John Connor - Opening of Terminator 3.

It's a popular philosophy - captain of our own souls, our own destiny. It's popped in Western culture numerous times, probably even pre-dating the Greeks, been given political and economic currency since the Enlightenment of the 17th century, and is toyed with in some measure by anyone, I guess, who 'defines' themselves, at least in measure, on line,
but there's a flip side to this 'bright side' attitude to ourselves and life, a murdering sub-strata of 'monsters from the id' which are just as sinister as any Morlock and as incarcerating as the Arkum Asylum - it is these which are the sirens of times.


The problem, of course, is they are so cloaked in a 'shroud of decency', that their forms are barely made known in public, and so, faceless and hidden, they escape scrutiny, and the hollow dream of self-determinism continues to the ashes of the grave.

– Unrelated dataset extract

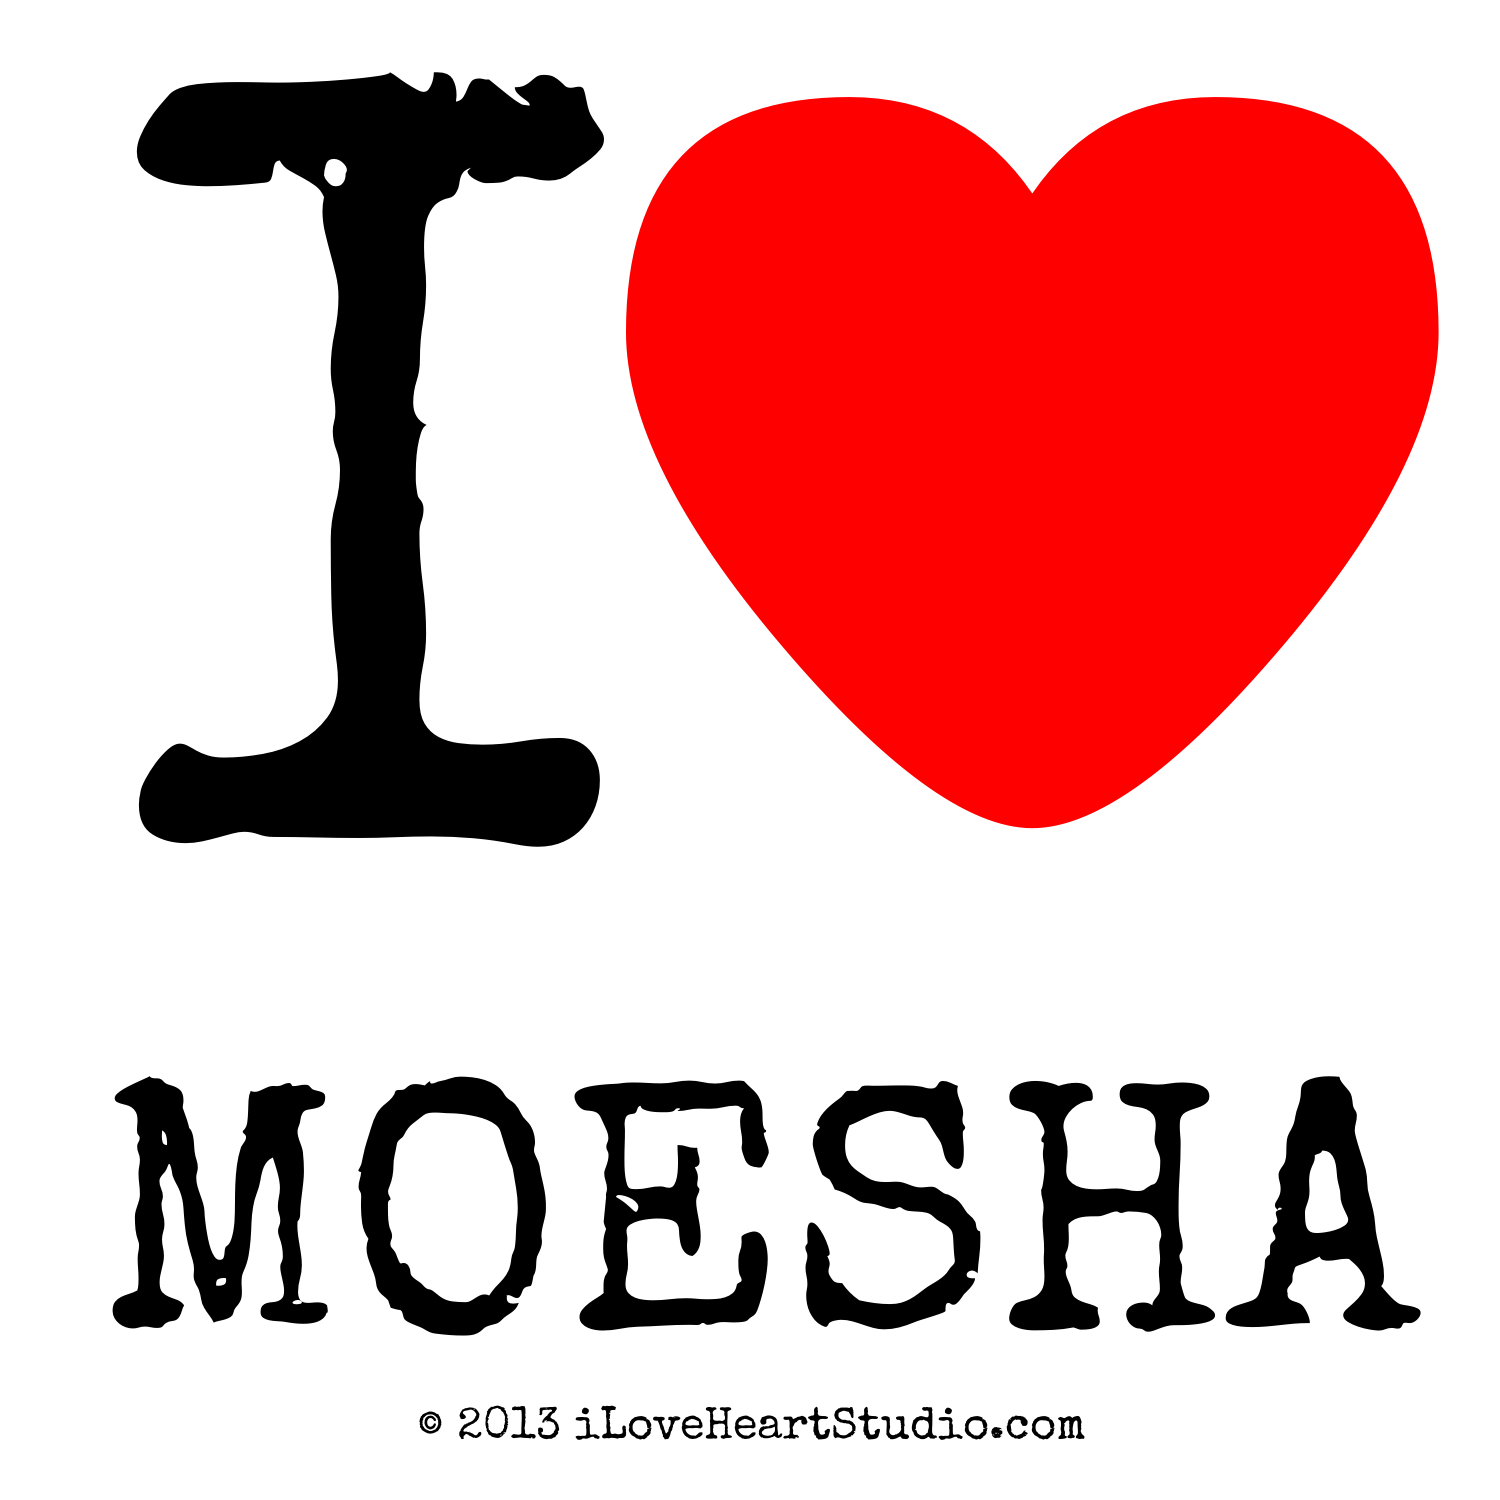 Moesha Logo - I [Love Heart] Moesha' Design On T Shirt, Poster, Mug And Many Other

Intellectuals, the likes of Richard Dawkins and Melvin Bragg, can glibly and publicly espouse the virtues of the cardinal philosophies of this nightmare without blinking, because the truth is almost too shocking and certainly too painful to bear - the underlying errors regarding the nature of the human condition within game theory, the mammoth policies of economic, social, political, health and even spiritual change since the 1970's that have been constructed on those same errors, beginning in American culture and being implemented, often by force, across the globe, bringing us to the present state of affairs, where the collapse is real, but the reasons for it are still not understood.


It's a broken, cannibalistic philosophy, it's ultimate victim being the self, which becomes the property of others beneath an illusion of virtual freedom via the means of cyberspace - control through apparent self- expression, where individualism becomes a means of un-purchased but free entrainment to all.


Oliver Stone's striking movie, Nixon, began with a statement which causes us to consider such greed - 'What does it profit a man if he gain the whole world, but looses his own soul'. Stone's 1987 movie, Wall Street, clearly defines the soul-less 'bubble' that our culture has inhabited for some time. Those words of Jesus stand before our present society and show us its blindness and pain. We must put aside the folly of our self-determinism, and once again seek the one who brings meaning and significance beyond the vanity of our broken age.